Data represent median ± interquartile range.
Relationship between disease status and salt sensitivity of blood pressure
Because T2DM and high blood pressure has been reported to affect salt sensitivity of blood pressure (11), we examined the relationship between T2DM disease status (T2DM-HTN and T2DM-NTN vs. HTN and NTN) and salt sensitivity of blood pressure (ΔMAP between HS and LS diet) in the HyperPATH study. As expected, multivariate analysis demonstrated that baseline MAP was a significant predictor of ΔMAP; however, having T2DM was not associated with higher change in diastolic blood pressure (Table 2). When analyzing the influence of each disease class on ΔMAP, only HTN classes (T2DM-HTN and HTN) significantly associated with ΔMAP (P < 0.0001), suggesting that individuals with both T2DM and HTN tended to have salt sensitivity of blood pressure compared with individuals with T2DM and no HTN (Fig. 1).
Table 2.
Relationship Between T2DM disease status and change in MAP with salt loading in the HyperPATH study
| Variables | T2DM status and Δ MAP with sodium loading |
||
|---|---|---|---|
| Effect estimates (B) | 95% CI | P value | |
| Disease status | |||
| T2DM status (yes) | 0.77 | −1.3–2.83 | 0.5 |
| MAP | 0.33 | 0.29–0.37 | <0.0001 |
| Age | 0.06 | −0.001–0.13 | 0.05 |
| Gender (male) | −1.8 | −3.08–−0.52 | 0.006 |
| BMI | −0.27 | −0.43–−0.12 | 0.0007 |
| Race | |||
| Caucasian | −0.77 | −4.1–2.6 | 0.7 |
| African-American | −0.55 | −4.2–3.1 | 0.8 |
| Other | |||
A multivariate regression model examining the relationship between Δ MAP (LS to HS diet) and T2DM disease status (T2DM-HTN and T2DM-NTN vs. HTN and NTN without T2DM), including the covariates of baseline MAP (HS), age, gender, BMI, and race. CI, Confidence interval.
Fig. 1.
Relationship between disease status and ΔMAP with salt loading in the HyperPATH cohort. The graph portrays the ΔMAP (change in MAP between LS and HS diet) least-square means value by HTN and T2DM. Covariates in the model include age, gender, BMI, and race.

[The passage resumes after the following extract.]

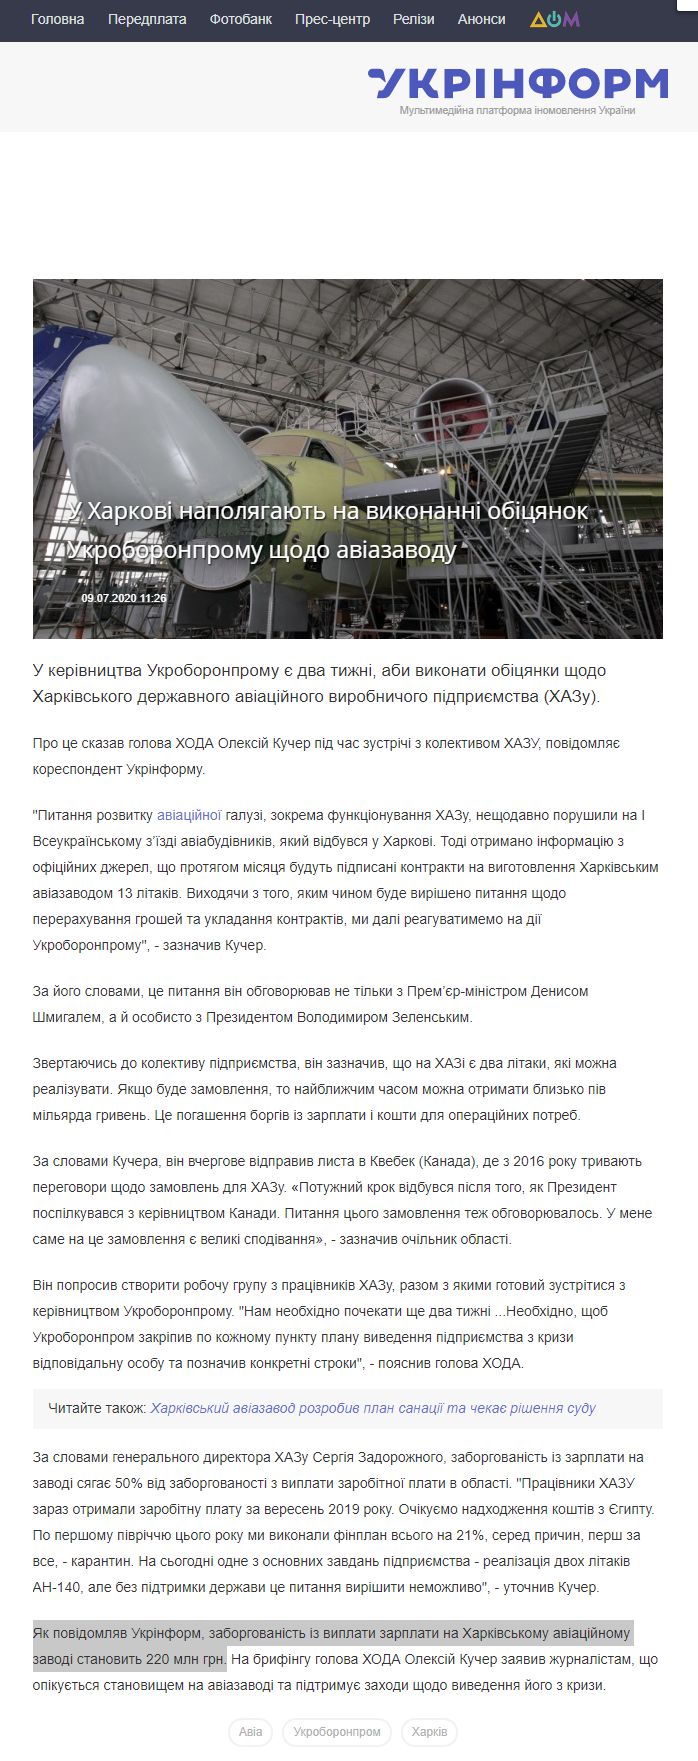 https://www.ukrinform.ua/rubric-economy/3059801-u-harkovi-napolagaut-na-vikonanni-obicanok-ukroboronpromu-sodo-aviazavodu.html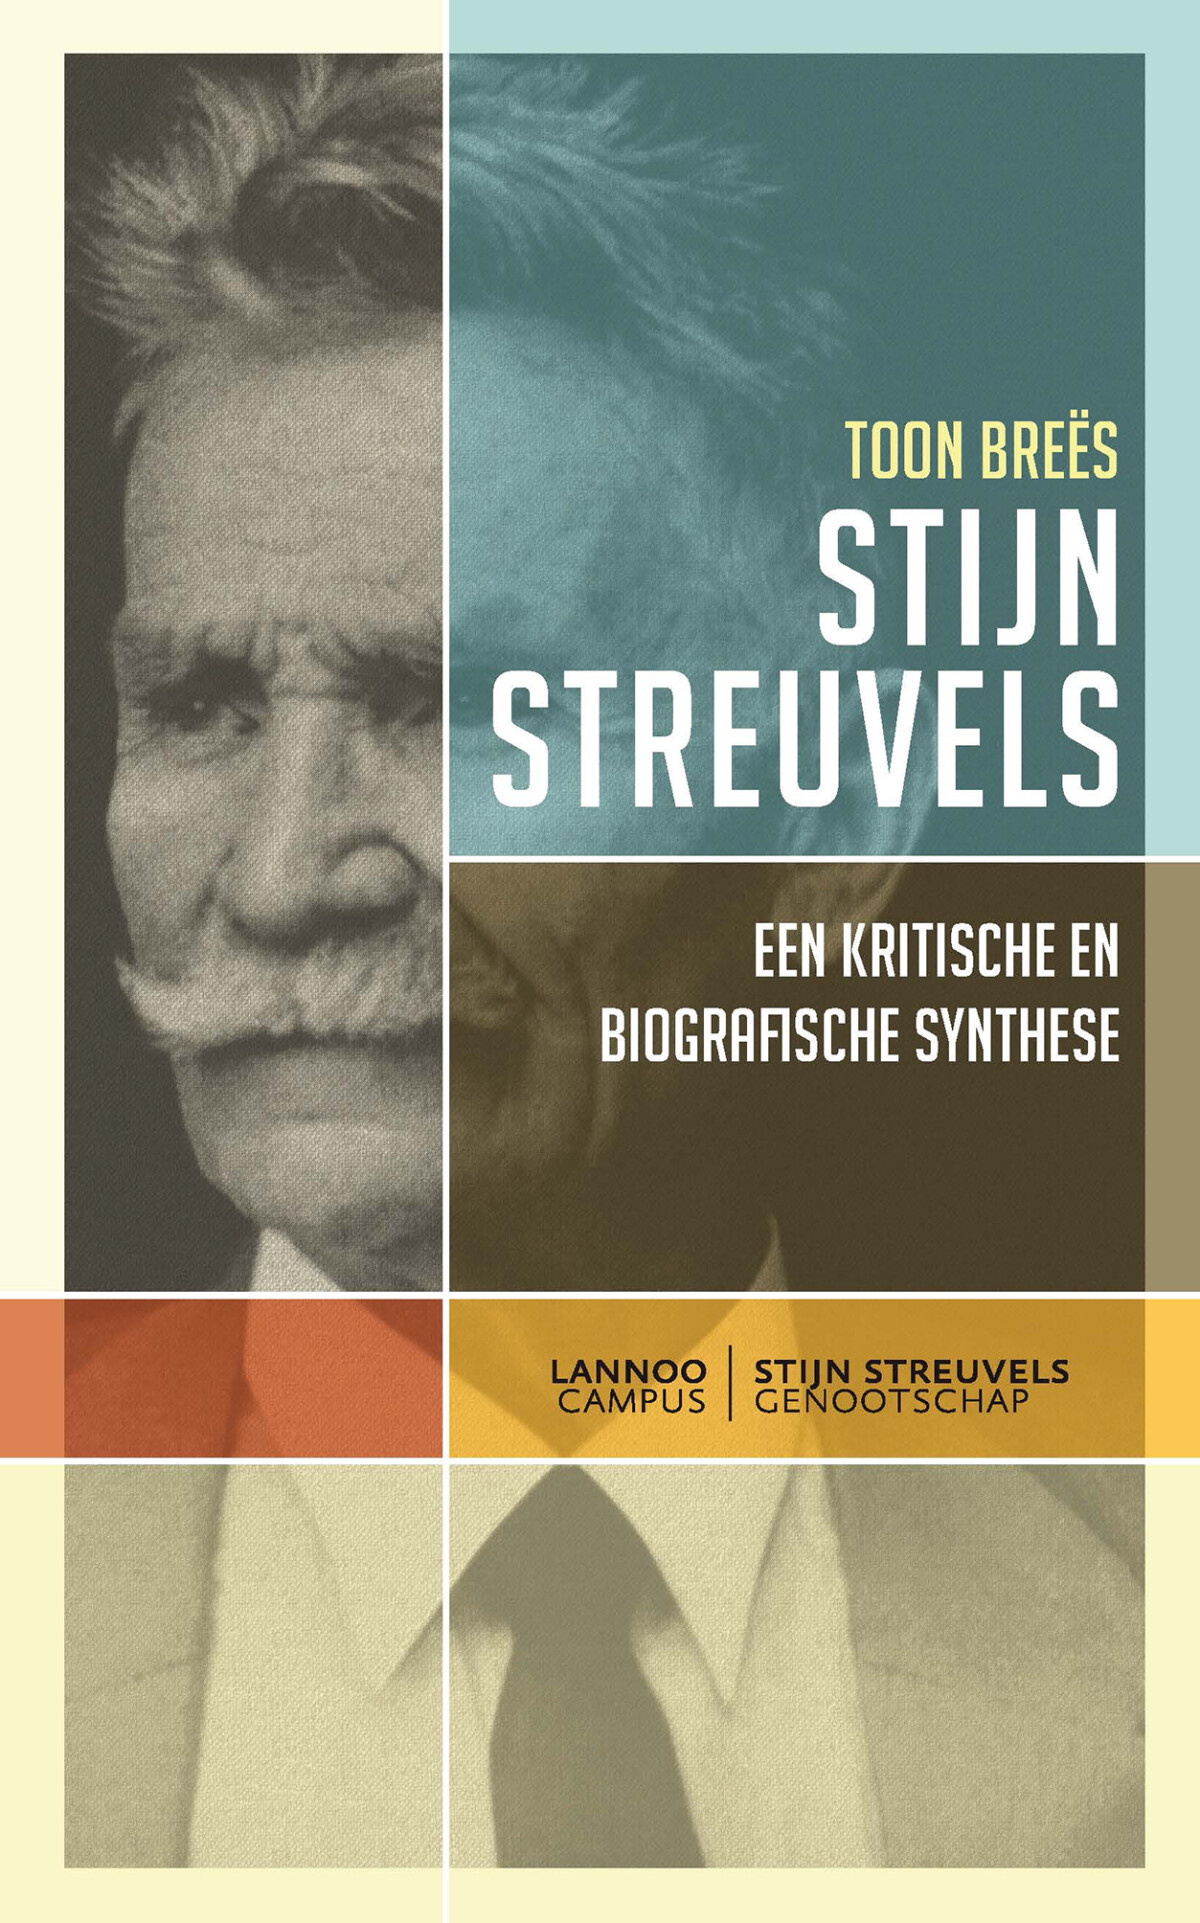 Stijn Streuvels

The relationship between intermediate phenotypes of HTN and salt-sensitive blood pressure
We examined the relationship between previously identified intermediate phenotypes of HTN: 1) LR status, 2) NMOD status, and 3) normal RAAS response (modulators) and ΔMAP in all individuals with HTN. Both LR and NMOD status had significantly higher ΔMAP (LS to HS diet) compared with modulators (P < 0.0001 LR vs. modulators; P < 0.02 NMOD vs. modulators) (Fig. 2). A significant relationship between LR and ΔMAP (P = 0.01) and NMOD and ΔMAP (P = 0.05) remained after accounting for the covariates of age, BMI, and race. As a group, individuals classified as modulators were not salt sensitive and did not demonstrate a greater than 10 mm Hg change in MAP with change in sodium diet (Fig. 2). These findings demonstrate that the LR and NMOD phenotypes were associated with greater salt sensitivity of blood pressure among all individuals with HTN.
Fig. 2.
The relationship between LR, NMOD, and modulator status and ΔMAP with salt loading in individuals with hypertension. Both LR and NMOD status had significantly higher ΔMAP (LS to HS diet) compared with modulators. A significant relationship between LR and NMOD and ΔMAP remained after accounting for the covariates of age, BMI, and race (P = 0.01 LR; P = 0.04 NMOD).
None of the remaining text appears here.